Building for People You Know
The thing that excites me most about this project isn’t the tech. It’s that my friends will actually use it.
I’m orienting more and more around this. Building for people I know. People who will actually give me feedback. People I’m in relationship with. This creates a different kind of loop — not metrics and analytics, but conversations and trust.
I’ve already started setting up time with friends who are really into these systems. There’s a good chance NatalEngine will evolve significantly over the coming weeks just from those conversations — good feedback and ideas from the people I’m actually building for. And because of how fast building is now, I can incorporate that feedback directly into the app almost as quickly as I hear it.

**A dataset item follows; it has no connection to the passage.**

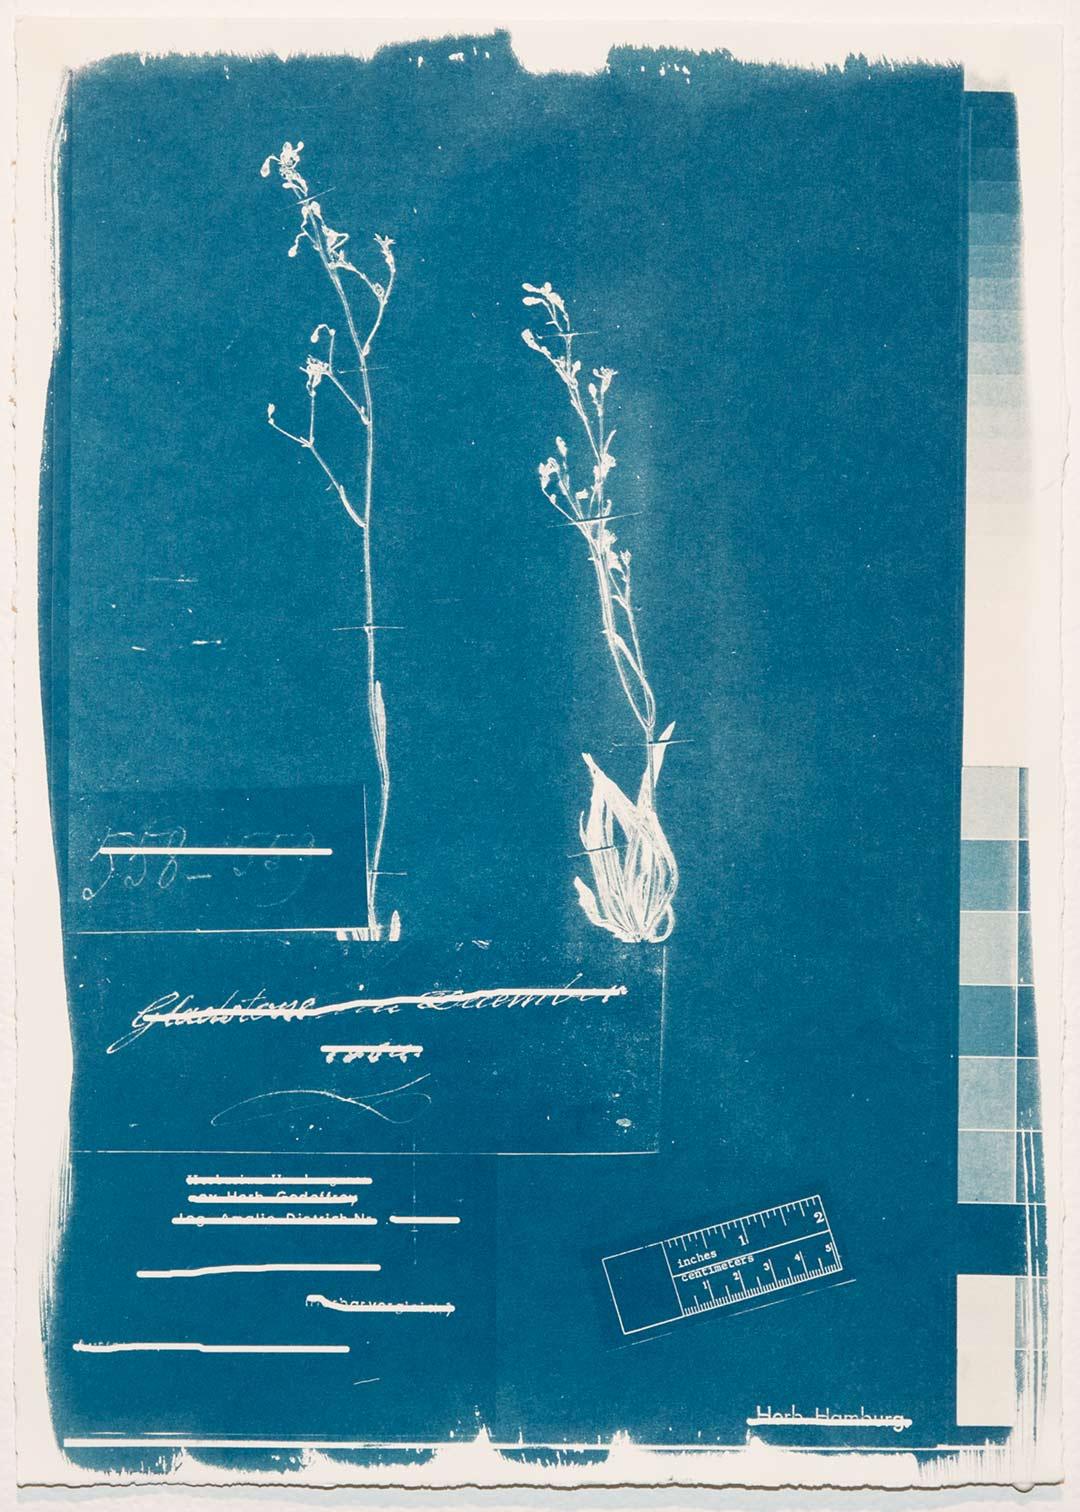 <b>Herbarium Hamburgense 2016-2017</b><br /> Cyanotypes on Canson Edition, edition of 10, each image 30 x 42 cm.

When you build for your community, you start to become someone they see as able to meet their technology needs. That’s a role I want to grow into. Not as a service provider, but as a friend who builds things.
I’m curious what resonates here. Is this kind of tool useful to you? Are there other things you wish existed but don’t — or exist but feel extractive? I’m genuinely interested in what people need, especially people I actually know.
We’re entering an era where building is fast and cheap. I want to point that capacity toward things that matter.
If you want to try NatalEngine, the calculator is at natalengine.com and the code is on GitHub.